Figure S4 shows further device characterization of the floating gate memory. Figure S4a presents the I<sub>DS</sub> *versus* V<sub>G</sub> curves for different V<sub>DS</sub>. Figure S4b shows the retention measurements for programming voltages on the same device. The measurement shows a multistate stability in a 5-hour measurement slot at room temperature. Because of the stability of the states, a much longer retention can be expected. Figure S4c shows tunning of the electrical properties of the memory by symmetrical pulses, allowing an analog modulation of the memory's conductance states. This characteristic is essential for the application of our devices into synapses of the neural network accelerators.
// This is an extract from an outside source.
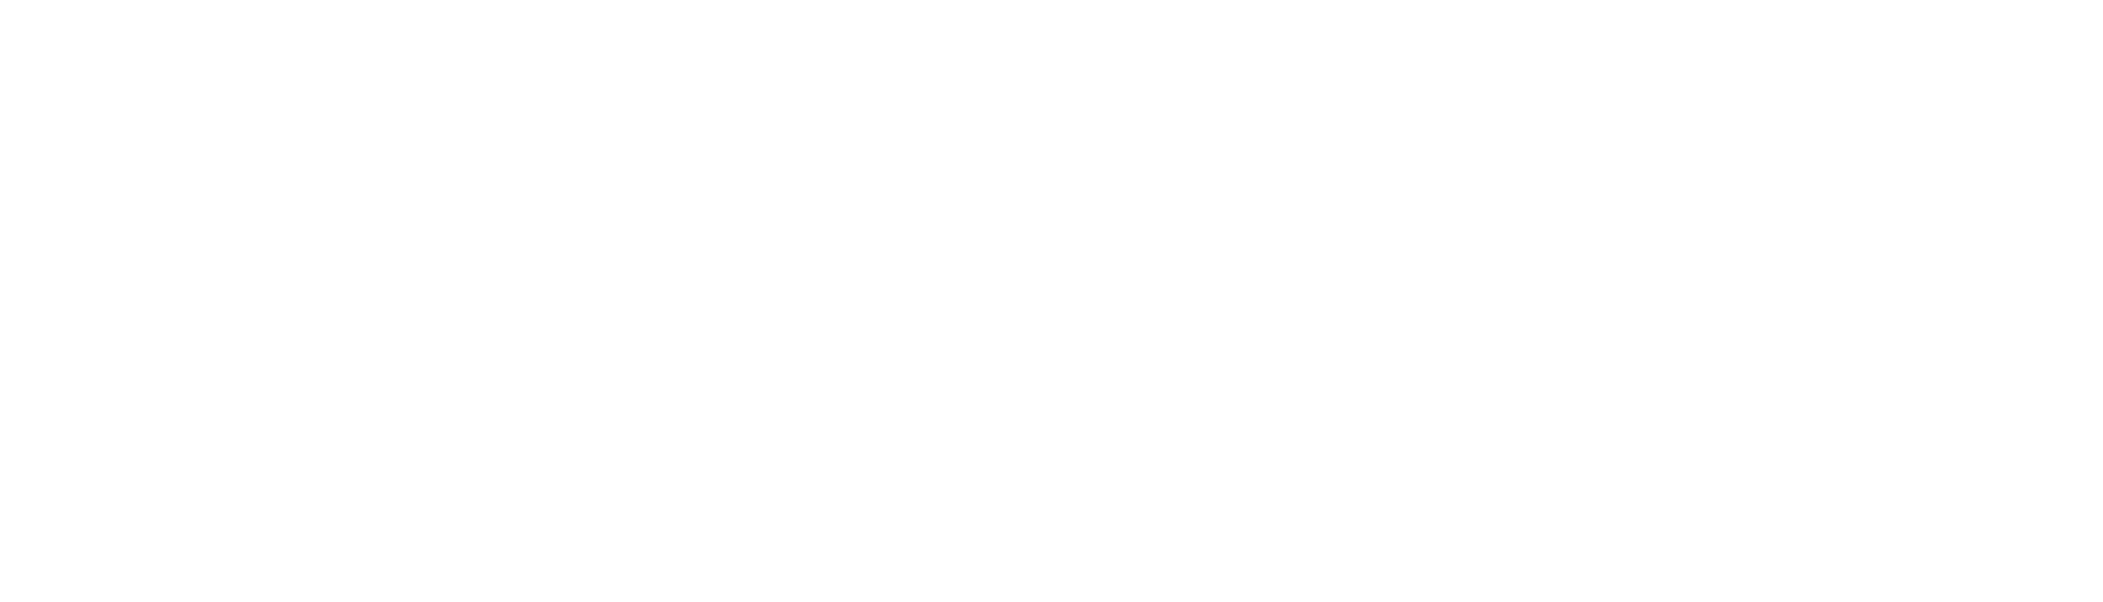 Pacsun Black Friday Sale 2017 - Pacsun, Transparent background PNG HD thumbnail

Next, in Figure S4d, we show the I<sub>DS</sub>-V<sub>G</sub> for a few devices in the same chip, showing a consistent behaviour. Figure S4e, we show the gate leakage during the sweep shown in Figure S4a. Figure S4f shows the endurance of the memory for cycling. The channel's conductance G<sub>DS</sub> is probed *versus* the number of programming (V<sub>PEAK</sub> = +10V) and erasing (V<sub>PEAK</sub> = -10V) cycles pulses in the gate (T<sub>PULSE</sub> = 100ms). Finally, the last measurement probes the repeatability of the hysteresis curve (I<sub>DS</sub> *versus* V<sub>G</sub>) after 3 cycles. We note that the endurance and repeatability characterisation was performed with different devices but with the same fabrication process.

#### 3. Device Scaling

Figure S5a shows the device fitting for the simulation, fitting – solid and measurement – dashed. Figure S5b shows the full data set ( $I_{DS}$  versus  $V_G$ ) of the scaled devices. Figure S6 shows the SEM images of the scaled devices.

#### 4. Closed Loop Programming

Figure S7 shows the extension of the block diagram described in the main text, used for programming the individual memories to a defined value.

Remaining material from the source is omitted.